Know Your Place

Community Contributed

Li’ula Busby, MHS Grade 12 

Kalo is happiest when it is growing where it belongs. When I was five, my mom asked me what I want to be when I grow up. I said I want to be happy. I’m happiest when I have a sense of belonging. Belonging means to fit in. It means being in the right place with the right people. Knowing your place is challenging sometimes because your place shifts when you’re with different people and when you’re in different places. To truly know your place, you need to know who you are. Next, figure out your viewpoint on what’s right and wrong. Lastly, know where you fall in line – your role.   

Knowing who you are is more than knowing your name. When I’m introducing myself, I don’t just say my name. I say my name, my parents’ names and where I’m from. I’m young so people often ask me who my parents are. They ask because they want to know where I come from and because there’s a significant chance they know someone in my family. If you know where you’re from you know where you’re welcomed. If you know who your family is, you know who you’re welcome around. 

“Politically correct is not always the same as culturally correct,” is a saying I heard from Uncle Earl Kawa’a. 

To me that means what’s lawful isn’t always pono and what’s pono isn’t always lawful. For example, it’s politically correct for people to sit three feet away from you on a three-mile beach while blasting their music, but is it culturally correct?  It’s legal for foreigners to vacation on Maui right now, but is it pono? No, it’s not. Be observant, know when to make the right decision and know how to behave in certain places at certain times.

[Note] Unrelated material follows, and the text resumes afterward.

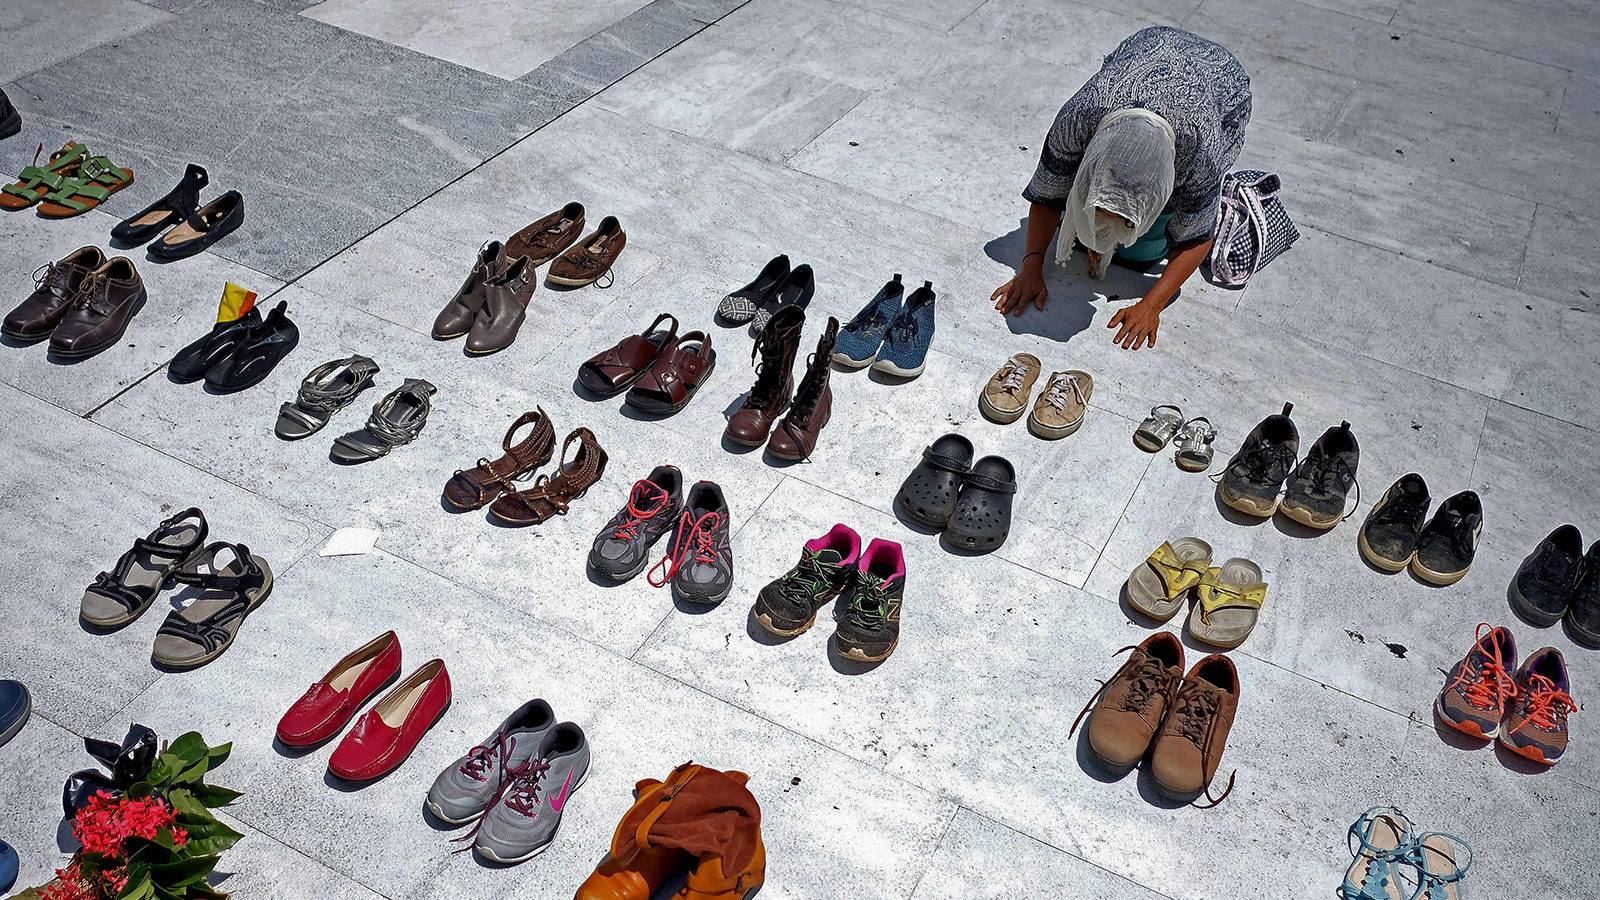 A woman prays in front of hundreds of shoes that were displayed in memory of those killed by Hurricane Maria in front of the Puerto Rican Capitol, in San Juan on June 1, 2018.

Another way of knowing your place is knowing where you fall in line. If I’m around my little cousins, I can boss them around a little bit, but if I’m with my parents I’m the one that gets bossed around. Your place changes based on the people you’re with. 

As 11th grader Nohea Rojas explained, “respect your elders because it’s just a common courtesy.” 

When you go to someone else’s place it means it’s not yours, so it doesn’t have your rules. If you’re from the states and you come to Hawaii, people here are going to have different rules. Over here we take our shoes off when we come inside because our shoes are dirty. In some other places people keep their shoes on because they think feet are dirty. Even when you’re welcome somewhere you still need to know your place and follow the rules so you can stay welcomed. 

Knowing your place is knowing who you are, knowing what’s right and wrong and knowing where you fall in line. Some varieties of kalo belong in the lo’i and some belong in dryland. Know your place so you can be happy when you grow up too!